• TASK DESCRIPTION: Excluding images, repeat the data exactly as given.

• SOURCE MATERIAL:

↓

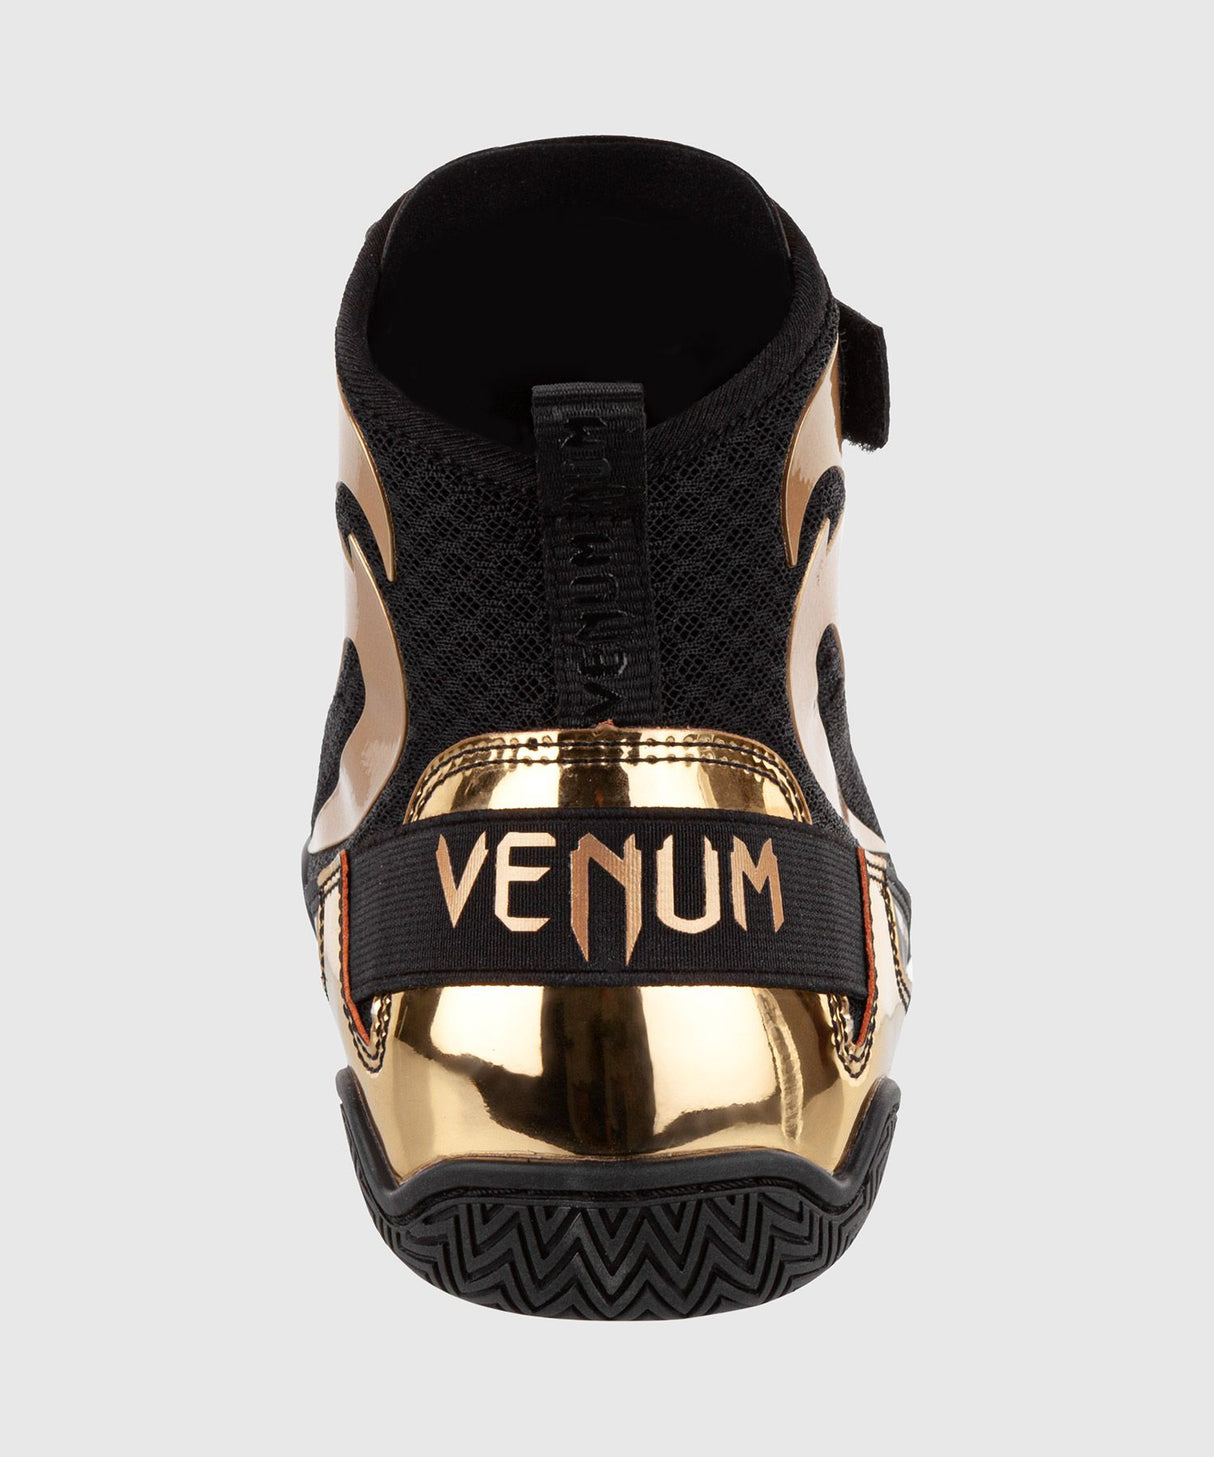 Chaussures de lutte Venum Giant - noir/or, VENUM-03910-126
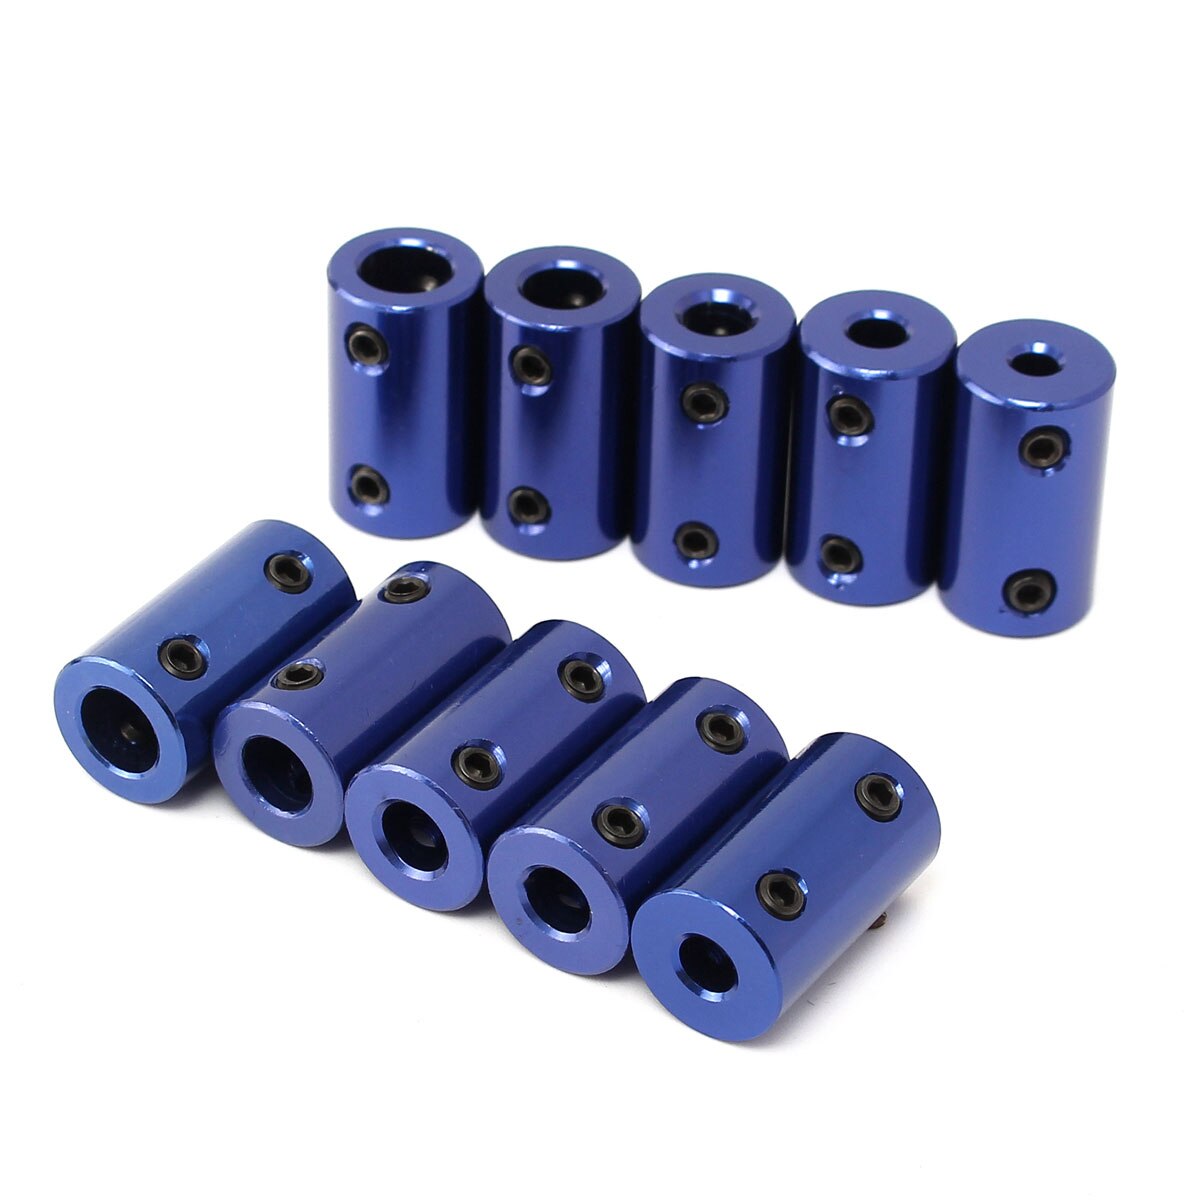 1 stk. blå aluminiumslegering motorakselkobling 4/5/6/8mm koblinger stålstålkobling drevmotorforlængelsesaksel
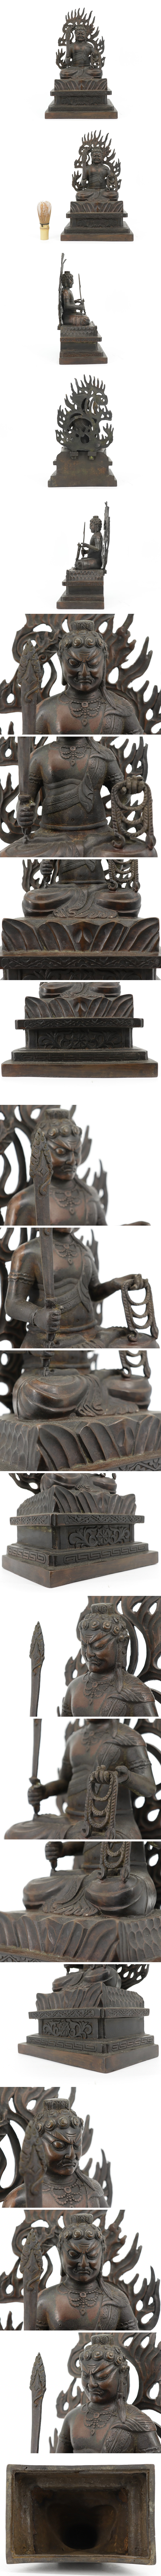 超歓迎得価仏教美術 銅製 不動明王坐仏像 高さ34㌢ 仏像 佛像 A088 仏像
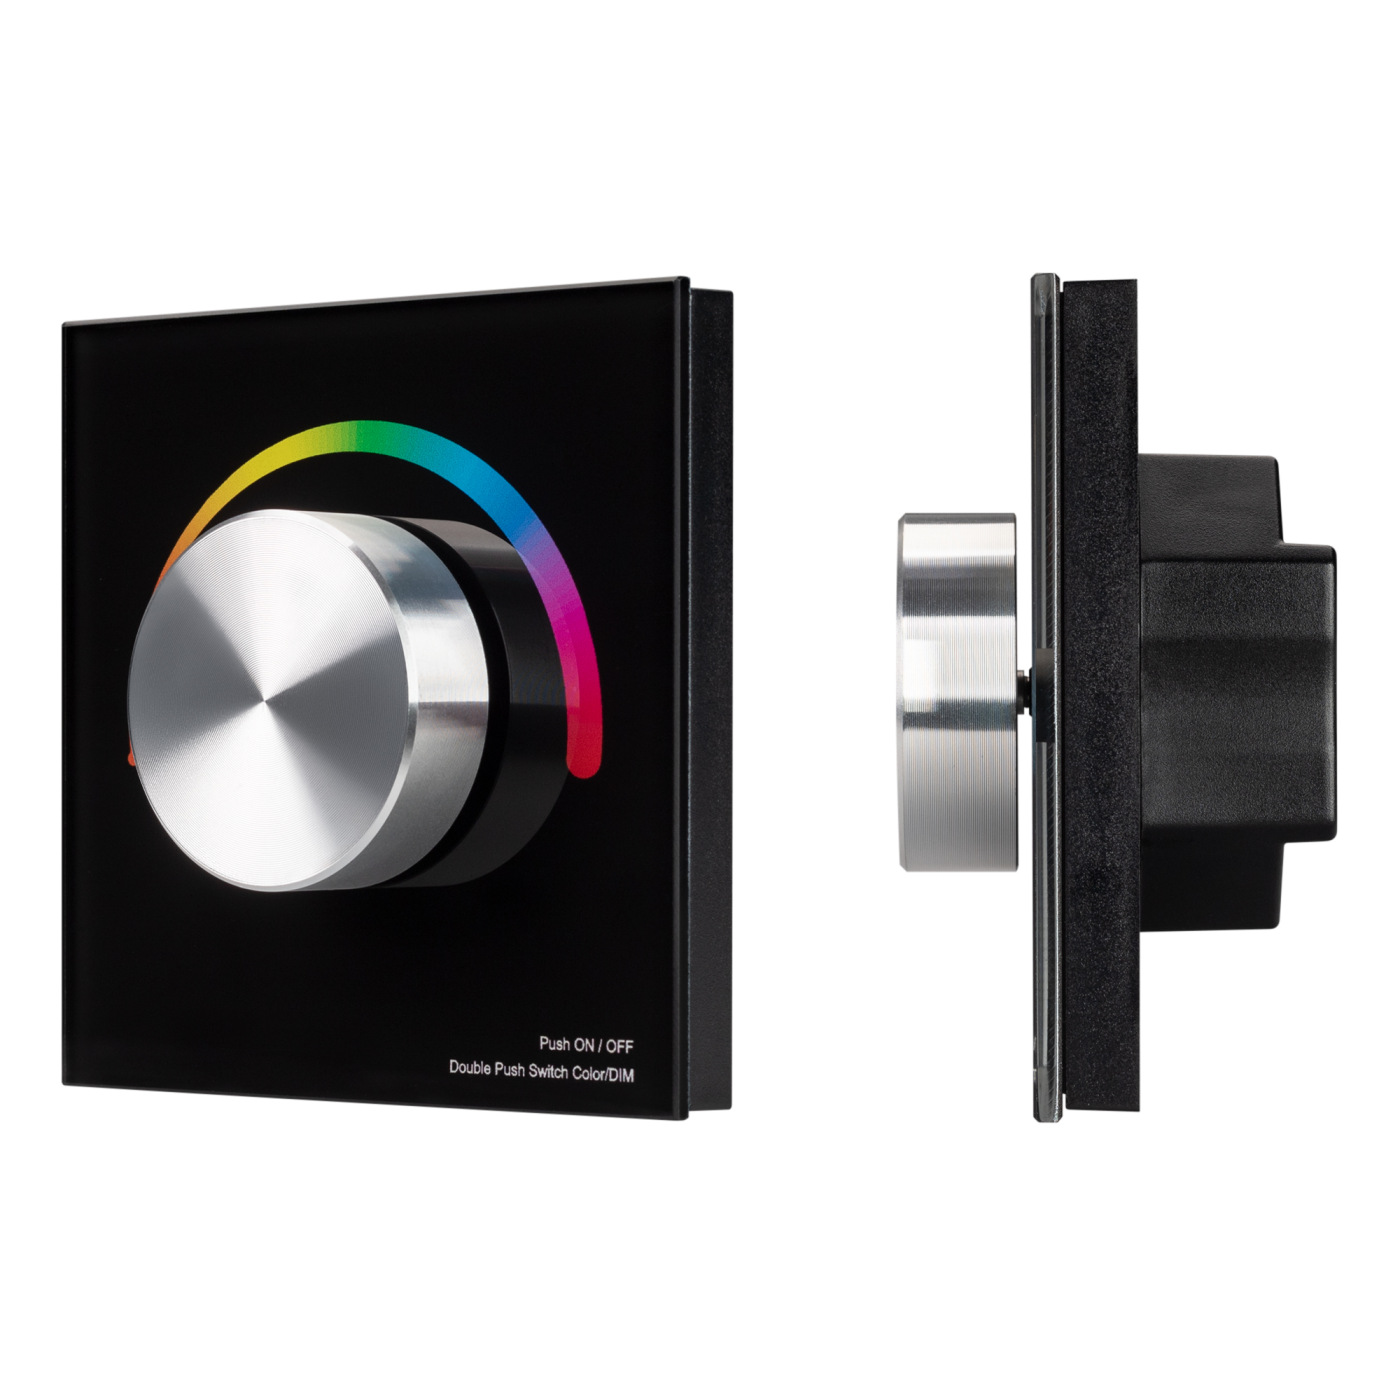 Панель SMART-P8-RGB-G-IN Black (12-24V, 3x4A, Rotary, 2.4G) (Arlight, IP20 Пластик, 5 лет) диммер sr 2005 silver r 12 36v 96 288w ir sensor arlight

↑

• REPLY:
 Chaussures de lutte Venum Giant - noir/or, VENUM-03910-126
 1 stk. blå aluminiumslegering motorakselkobling 4/5/6/8mm koblinger stålstålkobling drevmotorforlængelsesaksel
 超歓迎得価仏教美術 銅製 不動明王坐仏像 高さ34㌢ 仏像 佛像 A088 仏像
 Панель SMART-P8-RGB-G-IN Black (12-24V, 3x4A, Rotary, 2.4G) (Arlight, IP20 Пластик, 5 лет) диммер sr 2005 silver r 12 36v 96 288w ir sensor arlight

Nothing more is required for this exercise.